Kara delikten gelen aynı enerji enjeksiyonu ve ardından koza genişlemesi, galaktik hale içindeki gazı süpersonik hızlarla galaktik haleden uzağa iterek dışa doğru yayılan bir şok oluşturdu. Şok cephesinde, gazın sıkıştırılması yerel gaz yoğunluğu, eROSITA kabarcıkları olarak kendini gösteren X-ışını bandında gelişmiş termal Bremsstrahlung (frenleme) emisyonu üretir.

Yüksek toz seviyeleri nedeniyle, galaktik merkezin içini görmek çok zordur. Baloncuklar yaklaşık 2,6 milyon yıl önce jetler tarafından üretildiyse, bu bize tarihi hakkında bazı ipuçları veriyor. Ekibin modeli, jetler fırlatıldığında manyetik alanların ve radyasyonun bastırıldığını gösteriyor. Bunun meydana gelebileceği mekanizmaları keşfetmek, gelecekteki bir analizin konusu olabilir.

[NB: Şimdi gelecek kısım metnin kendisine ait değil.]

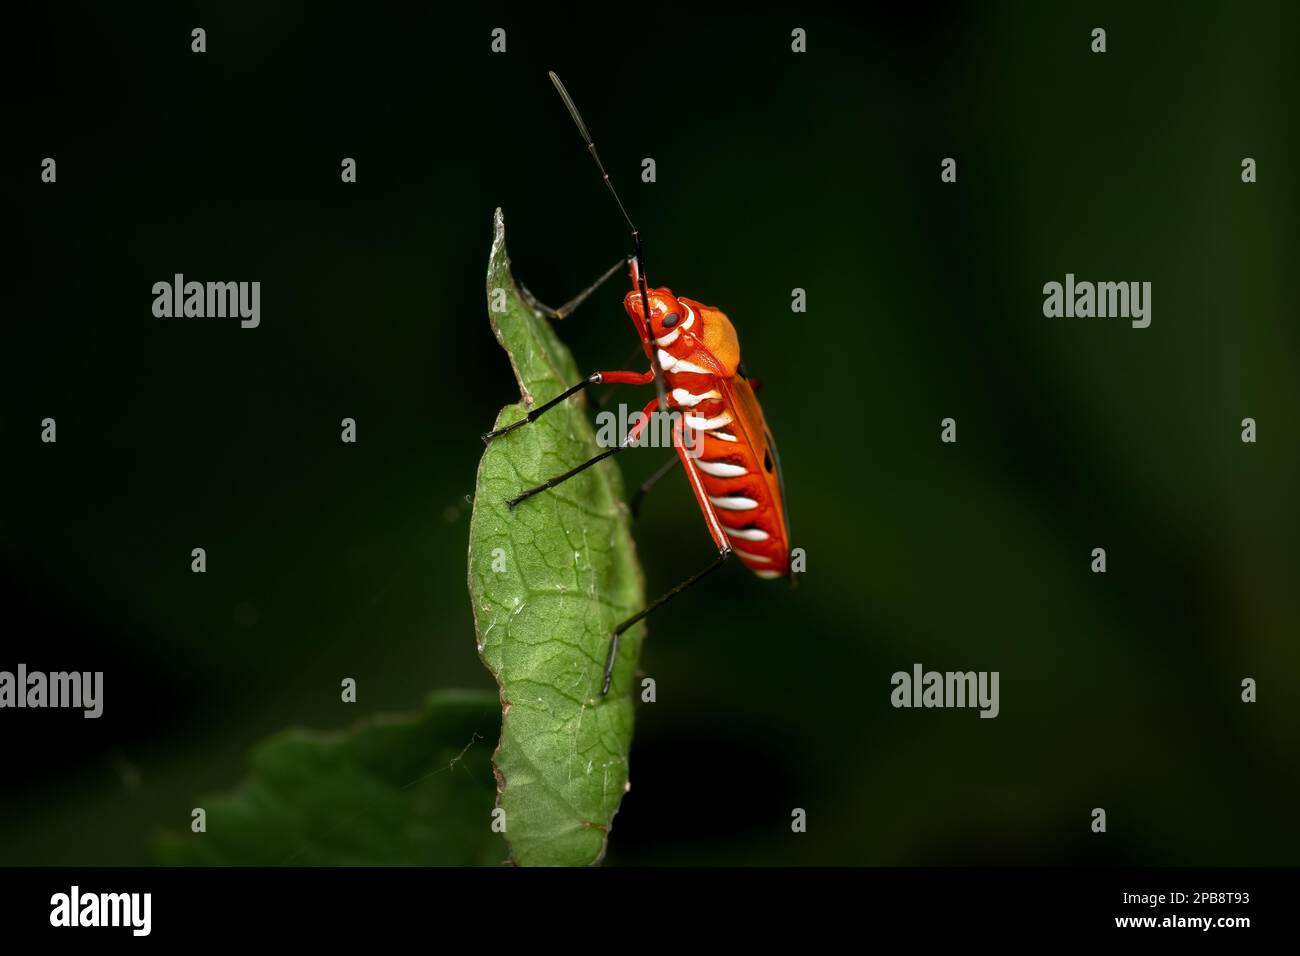 Red cotton bug or cotton stainer bug which is serious agriculture pest of Cotton crop. It damages cotton fibers and reduces crop yield. Stock Photo

Araştırmacılar, "Gelecekteki araştırmalar, bu enerjik geri bildirimin Samanyolu Gökadamızın evrim tarihi üzerindeki etkisini ve bu olayın Evrendeki süper kütleli kara delik-galaksi birlikte evriminin daha geniş resmine nasıl uyduğunu daha fazla ortaya çıkaracak" diye yazıyor. "

Araştırma Nature Astronomy'de yayınlandı.